Contentation Re-considered

Contentation Re-considered

Stéphane Croisier  //  Sharing ideas on the future of (Open Source) WCM, Portals, ECM and Social Software. Product Strategy Manager at Jahia (www.jahia.com). Follow me on Twitter: http://twitter.com/scroisier

Oct 9 / 1:39am

CMS : Your next content hypercube?

Not so far away the main purpose of acquiring and installing a CMS was to ease site building and page creation. With the apparition of Web 2.0 technology this paradigm is shifting away. They key question is no more to know how to ease content creation and to delegate it to non technical users but rather to offer better content filtering, repurposing and aggregation capabilities (among other kind of additional added values).

One of the previous criteria for CMS classification was based on their “page-based” versus their “content-based” approach. “Page-based” systems were considered as low-end or lower mid-range systems due to their poorer content reuse, multi-channel, multilingual and multi-site capabilities (e.g: 5 ways to improve content reuse). Thanks to the ramping commoditization of a new generation of content repositories (JCR based, CMIS compliant repositories,…) and to their free and open source reference implementations, such a problem tends to disappear bit by bit.

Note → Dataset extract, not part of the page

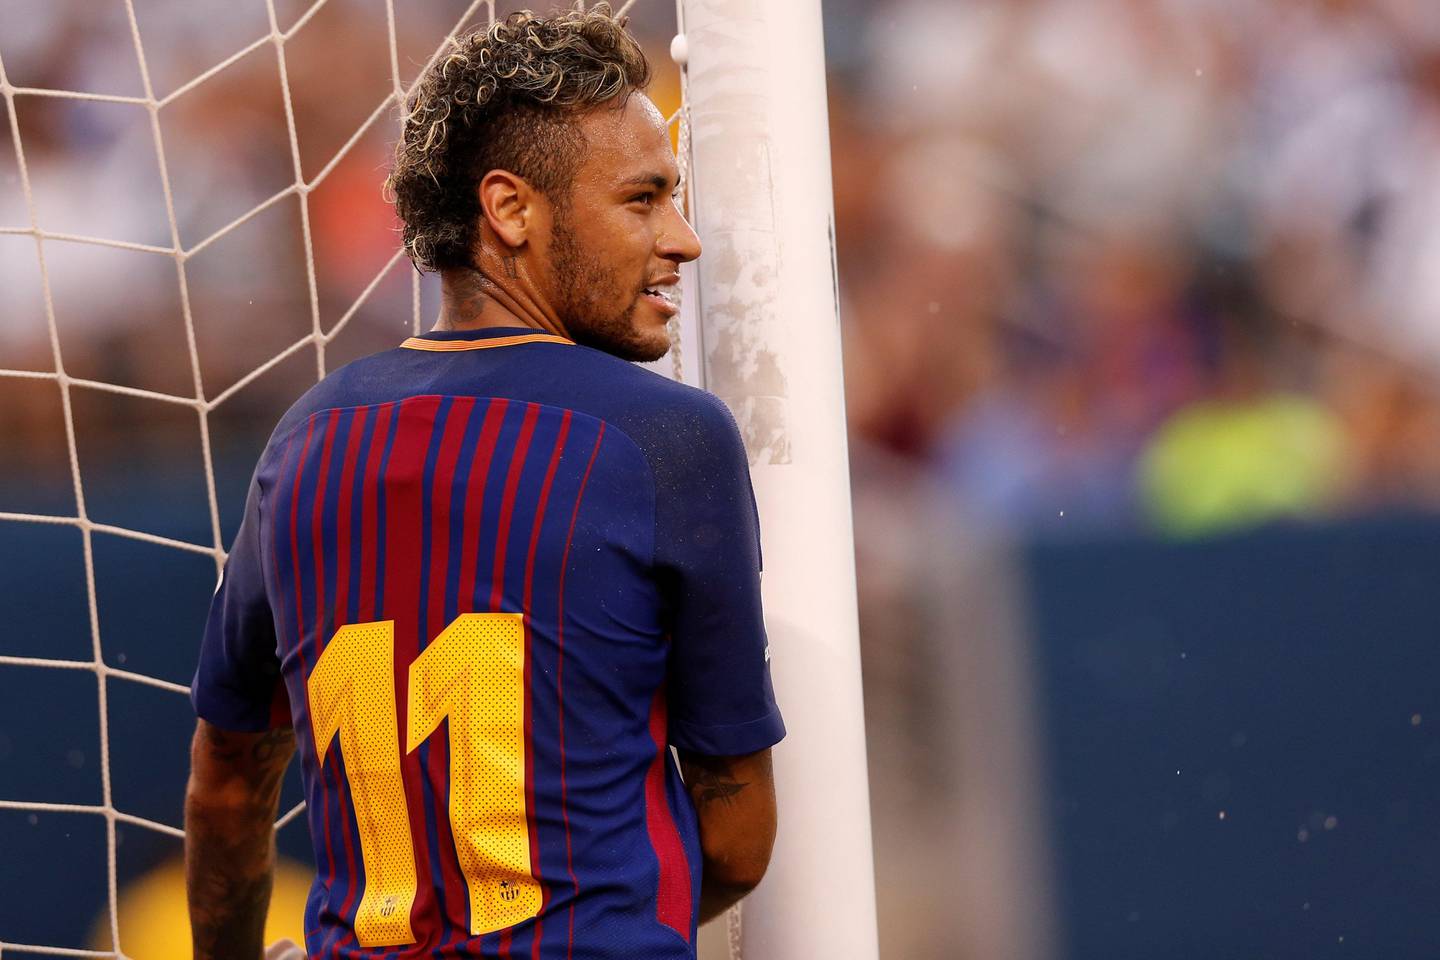 Football Soccer - Barcelona v Juventus - International Champions Cup - East Rutherford, New Jersey, U.S. - July 22, 2017 - Barcelona's Neymar reacts after missed shot against Juventus.  REUTERS/Mike Segar

But Content Reuse especially applied into a more and more interconnected and federated content universe is also now brining new challenges.

In many aspects Content Repositories could now be associated to some kind of Business Intelligence oriented hypercubes excepted that they are of course mainly focused on storing non or semi-structured content items rather than very structured data. Each content developers can now access to its “multidimensional content cubes” according to dozens of different criterias (e.g: a sub-site, a language; a content type, a metadata,…). Transversal queries throughout all the content assets or within a dedicated sub-cube are becoming very current.

But such a change does not only affect developers but also end-users. Rather than thinking in term of page (which content do I want to see on which page in my site) users have now to think about better ways to leverage their “content cubes”.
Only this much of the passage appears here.